Suddenly that silver speck became a massive starship glittering bright with the light of thousands of real viewports. Blue-tinted glass on some of those viewports made a pattern of letters emerge—
LIBERTY
The ship was shaped like a fat cylinder, broken in places to reveal another thinner cylinder in the middle—the ship’s stationary drive core. They were going to spend six months living in that central part while the ship accelerated up to its cruising speed of half the speed of light. After that, they’d spend the next eight years in the outer, rotating hull. There they would grow their own food and spend time learning the various trades that they would need to survive on another planet.
From this distance it was hard to grasp a sense of scale, but the thousands of pinprick-sized viewports in the rotating outer hull gave her some idea. This was an entire city floating in space.
A transparent dome capped the nose of the ship, revealing a garden like the ones she’d seen growing in the domes on Mars. There was even a pool of water there, lying impossibly still beneath that dome.
Catalina wondered at that. How could water stay like that without floating away? “There’s gravity on board?” she asked.
“They’re accelerating at a constant one G to simulate Earth’s gravity for the passengers already waiting in the central core.”

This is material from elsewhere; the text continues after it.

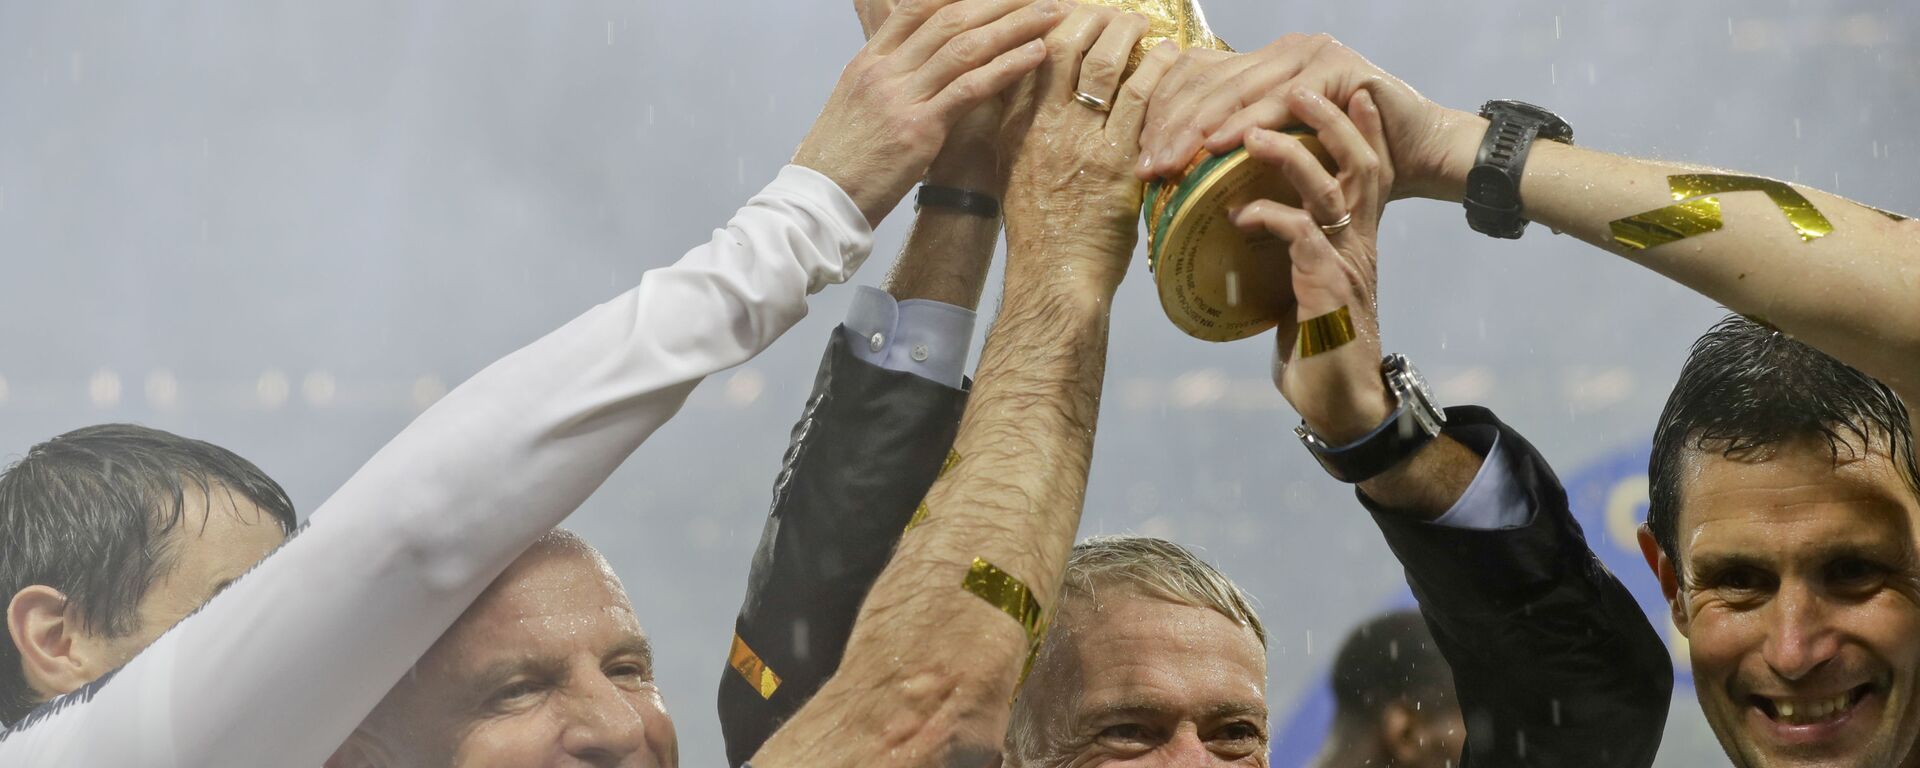 France head coach Didier Deschamps holds the World Cup after defeating Croatia in the 2018 final in Moscow. - Sputnik International, 1920, 24.11.2021

“They’ve already left?” she asked, shocked.
“No, they’re flying in circles around Mars until we depart.”
Catalina nodded slowly as if she understood how that might work. “I can’t believe we’re going to spend ten years living on that… toilet roll.”
“That toilet roll is our new home. And it’s only going to be nine years. Six months to accelerate, eight years cruising, and another six months to decelerate.”
“Close enough.”
“Don’t worry, you’ll get used to it. I spent about that long living on much smaller ships—and for a lot of that time I was cooped up in G-tanks. We won’t need tanks for this. It’ll be slow and steady as she goes the whole way to Proxima. You won’t even feel the ship moving. Just one long, pleasant stay in a luxury space hotel.”
“You’re crazy.”
“Crazy in love,” he said, kissing her cheek.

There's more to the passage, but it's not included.